Figure 6 – Bitwise Shift Operators

The Left Shift Operator (<<) shifts the bits of the left operand to the left by n positions specified by the right operand. Consider the following example.

```
int result = 10 << 2;
Console.WriteLine(result);
```

40

The previous statement indicates that we shift the bits of the decimal value 10, by two positions. Let’s demonstrate the effect by showing their binary representations.

```
10: 00000000000000000000000000001010
------------------------------------
40: 00000000000000000000000000101000
```

You can see that every digits were moved by 2 positions. Digits to the left will be discarded and the empty slots to the right where the original bits once reside will be replaced by 0’s. For example, since we shifted 2 positions to the left, the last 2 digits to the left will be dropped, and two 0’s will be added to the right.

Shifting bits to the left has an effect of multiplying the value by 2 multiple times depending on the value of the right operand. For example, the value 10 when shifted to the left by 2 positions multiplies 10 by 2 two times. 10 << 3 will multiply 10 by 2 three times and 10 << 4 will multiply 10 by 2 four times and so on. The number of times a value will be multiplied by 2 depends on the value of the right operand.

The Right Shift Operator (>>) is similar to the left shift operator but it shifts the bits to the right instead of left. The following is an example of using this operator.

```
int result = 100 >> 4;
Console.WriteLine(result);
```

6

Using the right shift operator, the bits of value 100 was shifted to the right by 4 positions. Let’s look at their binary equivalents.

```
100: 00000000000000000000000001100100
------------------------------------
6: 00000000000000000000000000000110
```

Every bit is moved by 4 positions to the right, so the first 4 bits in the right where dropped and 0’s where added to the right to fill the gap.

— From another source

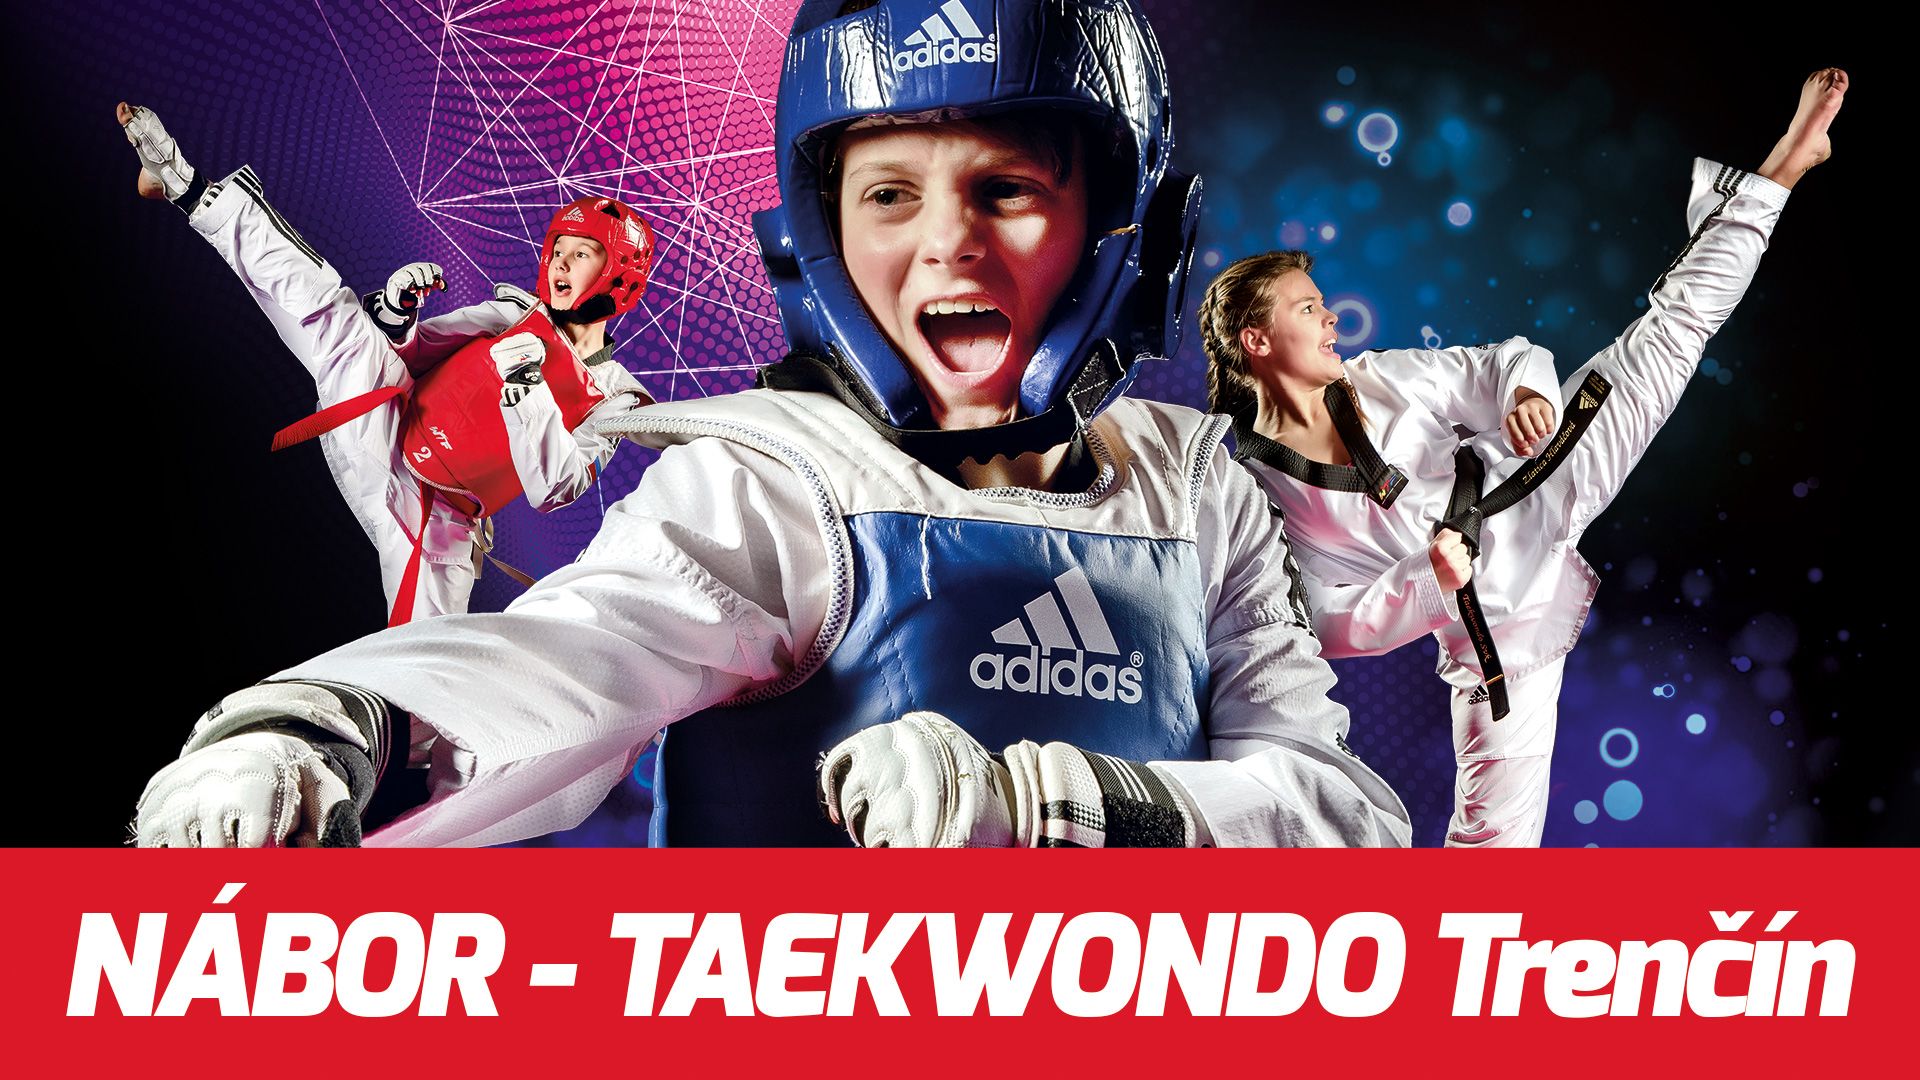 Taekwondo - olympijské bojové umenie

Shifting bits to the right has an effect of dividing the value by 2 multiple times depending on the value of the right operand. For example, the value 100 when shifted to the right by 4 positions divides 10 by 2 four times. 100 >> 2 will divide 100 by 2 two times and 100 >> 3will divide 100 by 2 three times and so on. The number of times a value will be divided by 2 depends on the value of the right operand.

The shofthand assignment versions of bitwise operators are also available.

```
result1 <<= 2;
result2 >>= 4;
```

They both act the same as the other assignment operators we have seen. Bitwise shift operators are rarely used but it is better to know that these operators exist.